* [SUPPLIED DATA]:
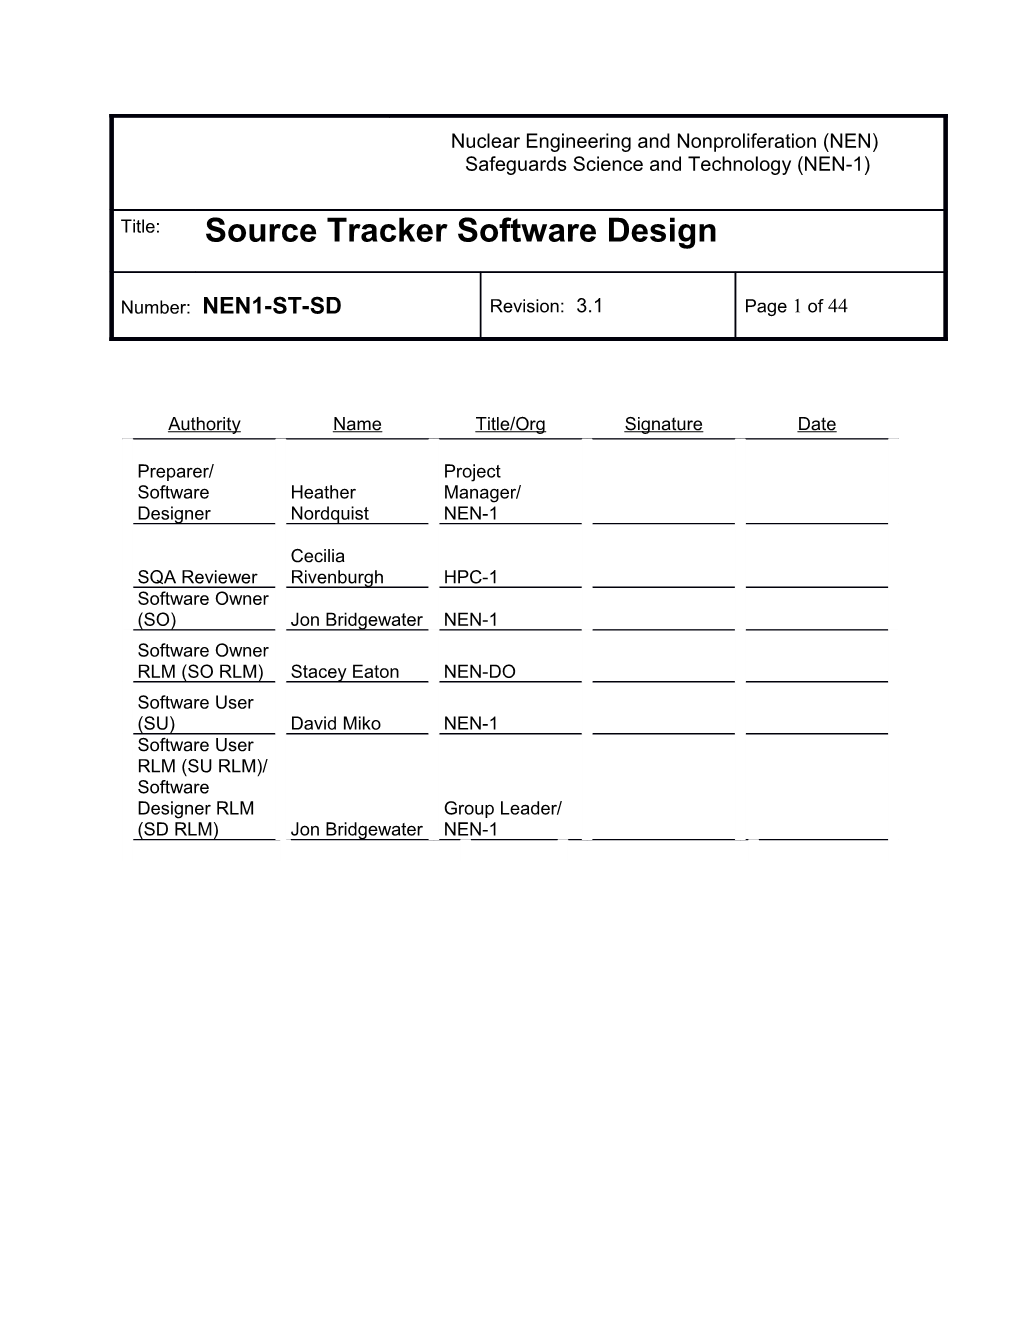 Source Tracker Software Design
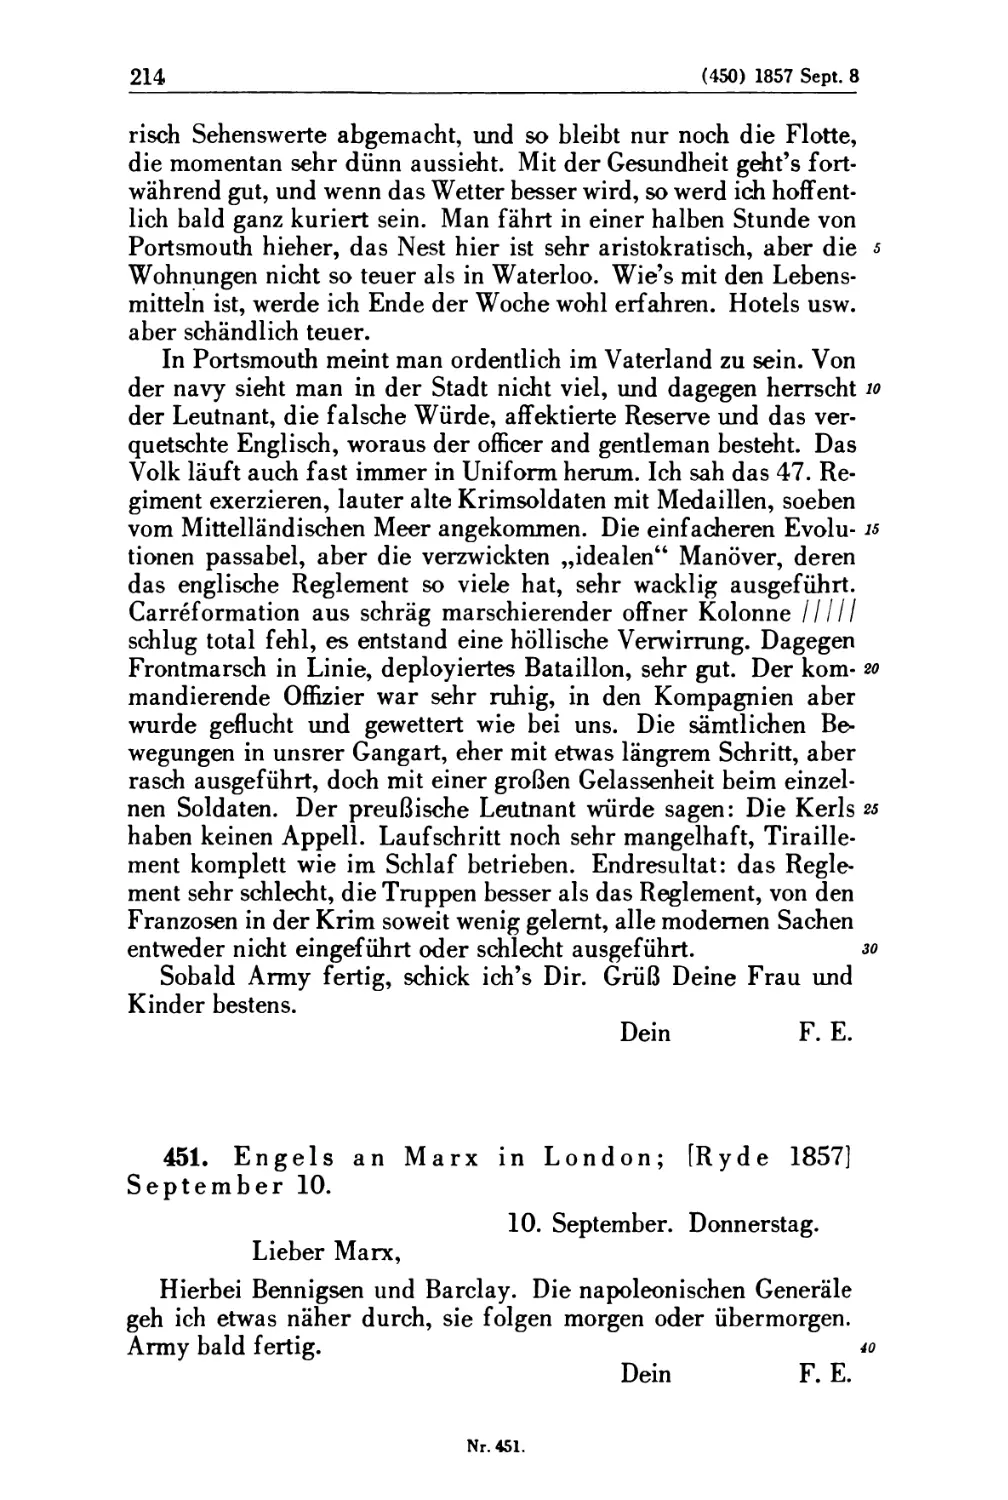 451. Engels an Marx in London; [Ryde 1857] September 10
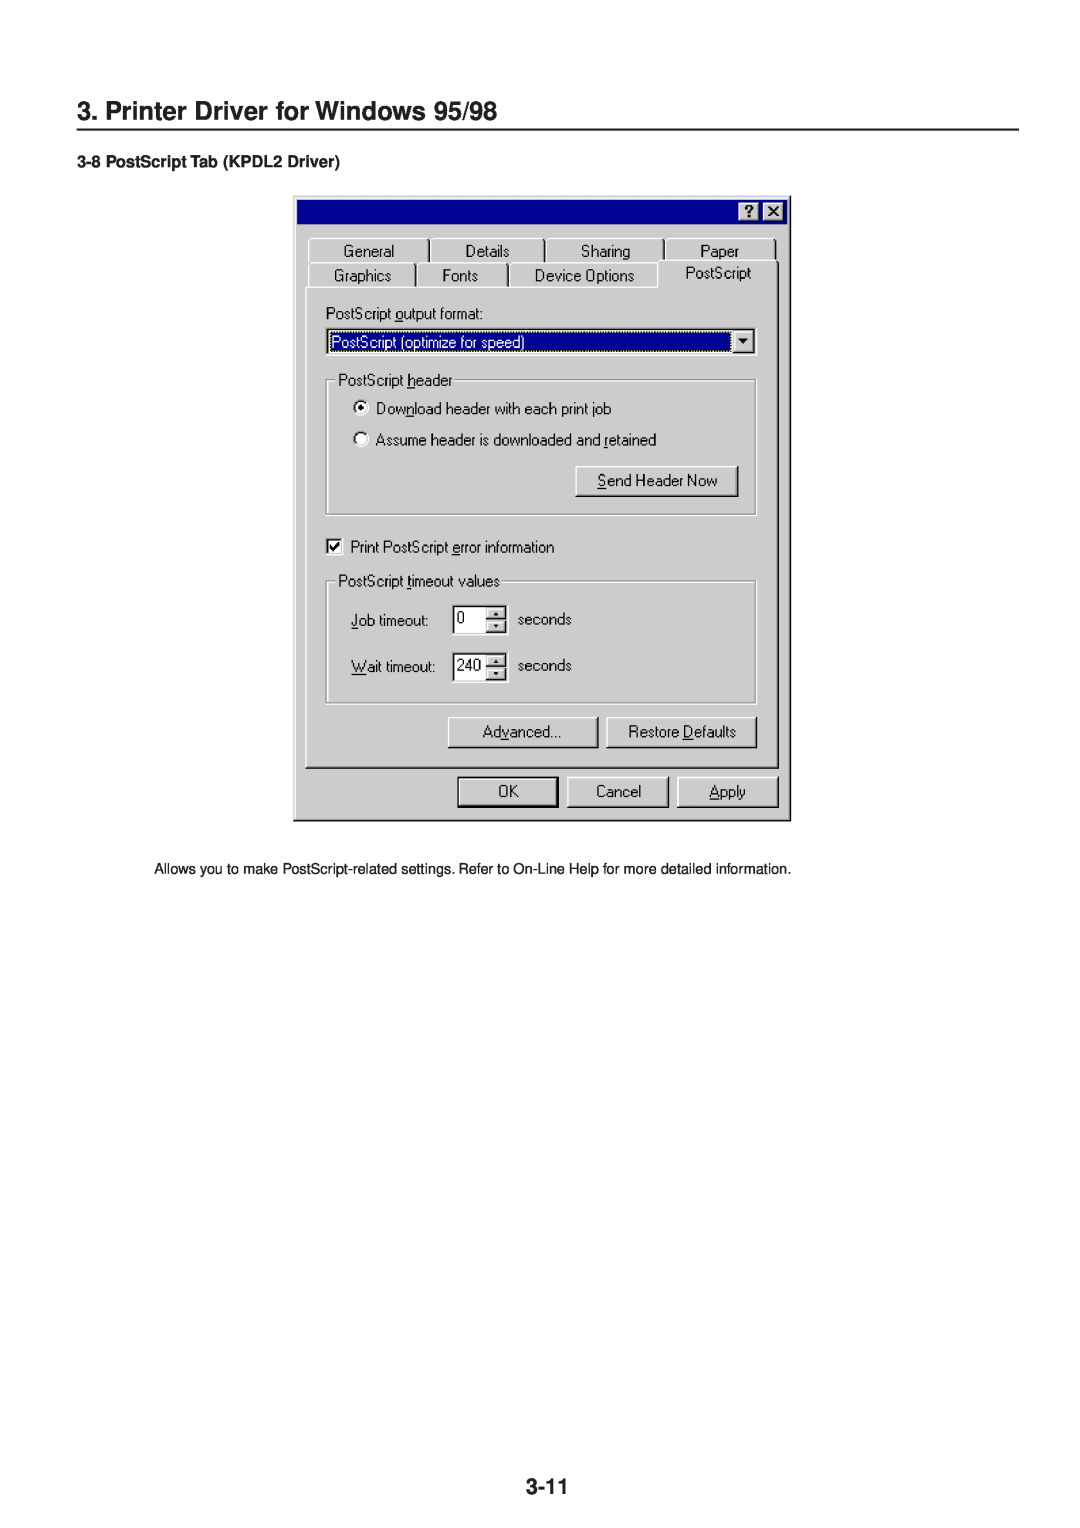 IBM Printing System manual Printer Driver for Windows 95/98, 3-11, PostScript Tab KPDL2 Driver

* [TASK OBJECTIVE]:
The answer must be the full listing, exact in every line, with the pictures removed.

* [ANSWER SPACE]:
 Source Tracker Software Design
 451. Engels an Marx in London; [Ryde 1857] September 10
 IBM Printing System manual Printer Driver for Windows 95/98, 3-11, PostScript Tab KPDL2 Driver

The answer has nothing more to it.